A fast and simple recursive 'large file finder', no pipes required.

Usage

Run lff -h/--help or see below.

Usage: lff [OPTIONS] <DIRECTORY>

Arguments:
  <DIRECTORY>  The directory to begin searching in

Options:
  -a, --absolute                     Display absolute paths for files. Automatically true if the supplied directory isn't relative
      --base-ten                     Whether to display file sizes in KB/MB/GB over KiB/MiB/GiB when pretty-printing is enabled
      --exclude-hidden               Exclude hidden files and directories
  -e, --extension <EXTENSION>        Filter files by extension
  -l, --limit <LIMIT>                Return a maximum of this many files
  -m, --min-size-mib <MIN_SIZE_MIB>  The minimum size in MiB for displayed files, e.g. 10 = 10 MiB, 0.1 = 100 KiB [default: 50]
  -n, --name-pattern <NAME_PATTERN>  Filter file names by quoted glob patterns, e.g. '*abc*' will yield 1abc2.txt
  -p, --pretty                       Pretty-prints file sizes
  -s, --sort-method <SORT_METHOD>    How to sort found files [possible values: size, name]
  -h, --help                         Print help
  -V, --version                      Print version

Hint: to see all files in a directory, just pass -m 0.

Install from release

Begin by downloading the latest release for your operating system.

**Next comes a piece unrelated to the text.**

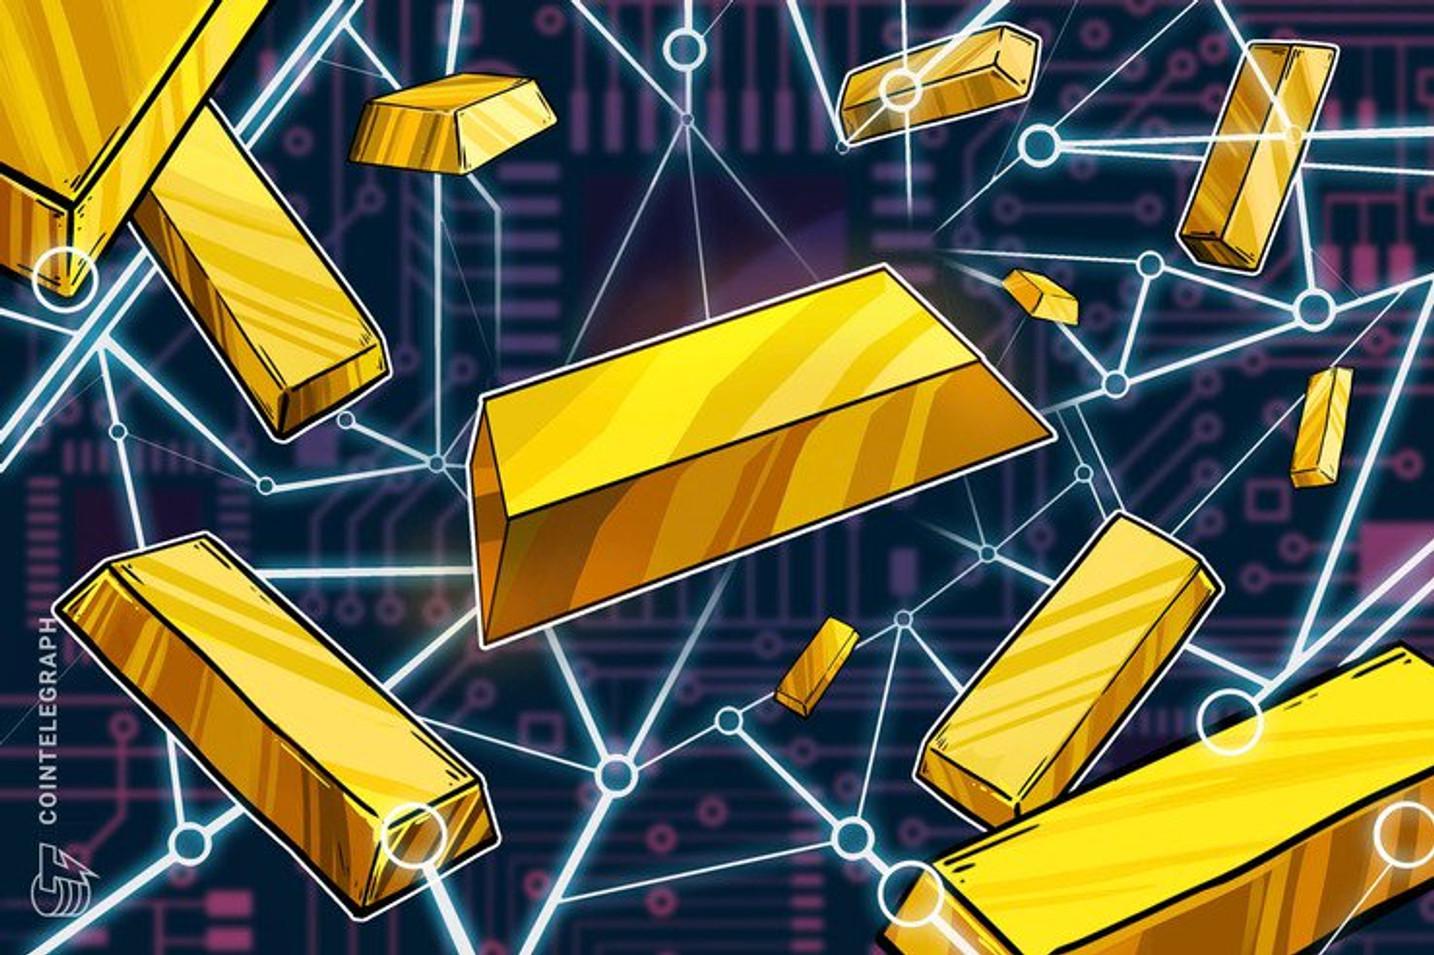 CEO da Grayscale Investments, Barry Silbert, diz que o Bitcoin faz tudo que o ouro costumava fazer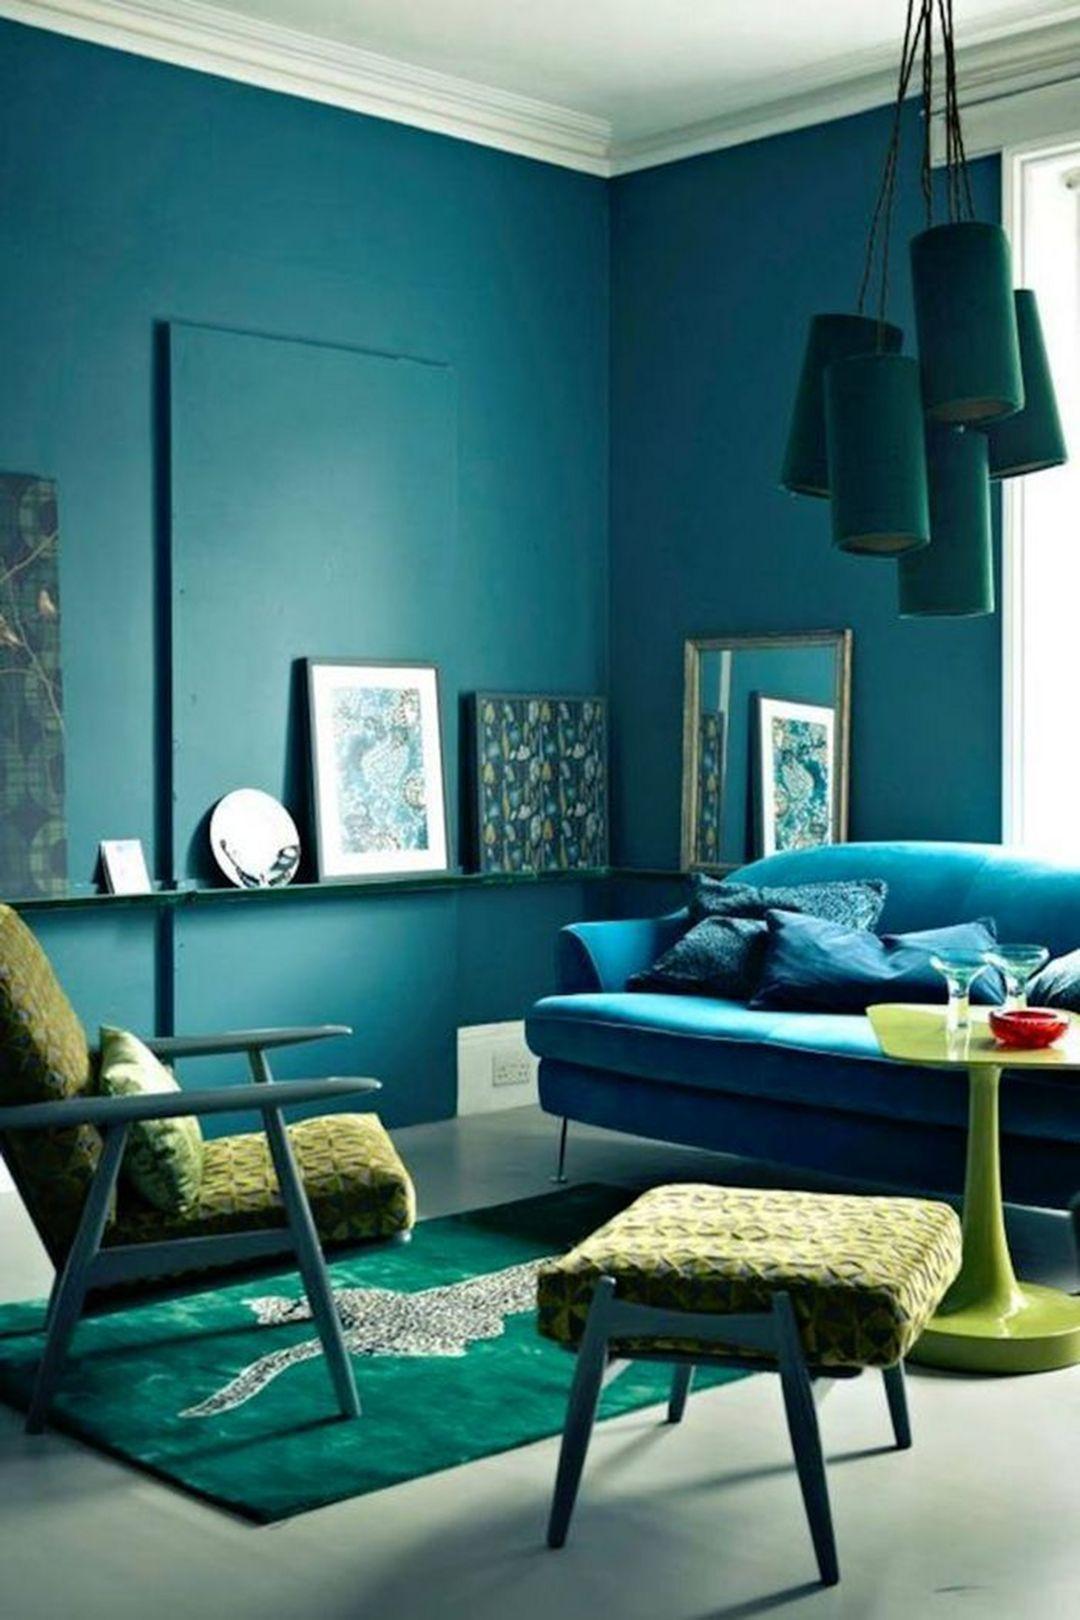 Beautiful Color Harmony Interior Design Ideas 110 Turquoise Room

lff is currently published for macOS and Ubuntu, but support can be added for other Linux distros on request. In the interim, other distros should be able to install from source.

With respect to architectures, lff is ARM-based on macOS and x86-based on Ubuntu. ARM-based releases for Ubuntu or other Linux distros can be similarly added on request.

Installation steps:

  1. Extract the downloaded tarball using tar -xzvf.
  2. A binary will be extracted; copy this to your chosen binaries directory (e.g. /usr/bin, /usr/local/bin).
  3. You should now be able to run lff from any terminal.

Build from source

In order to build from source, Rust and Cargo must be installed - rustup is usually the easiest way to do this.

  1. Clone the repository.
  2. Run cargo build --release.
  3. A binary will be generated at target/release/lff; copy this to your chosen binaries directory (e.g. /usr/bin, /usr/local/bin).
  4. You should now be able to run lff from any terminal.

Benchmarks

These benchmarks are run using hyperfine, with 10 warmup runs and 20 actual runs each, on an iMac (24-inch, M1, 2021).

All benchmarks are run against the master branch of the Linux source tree.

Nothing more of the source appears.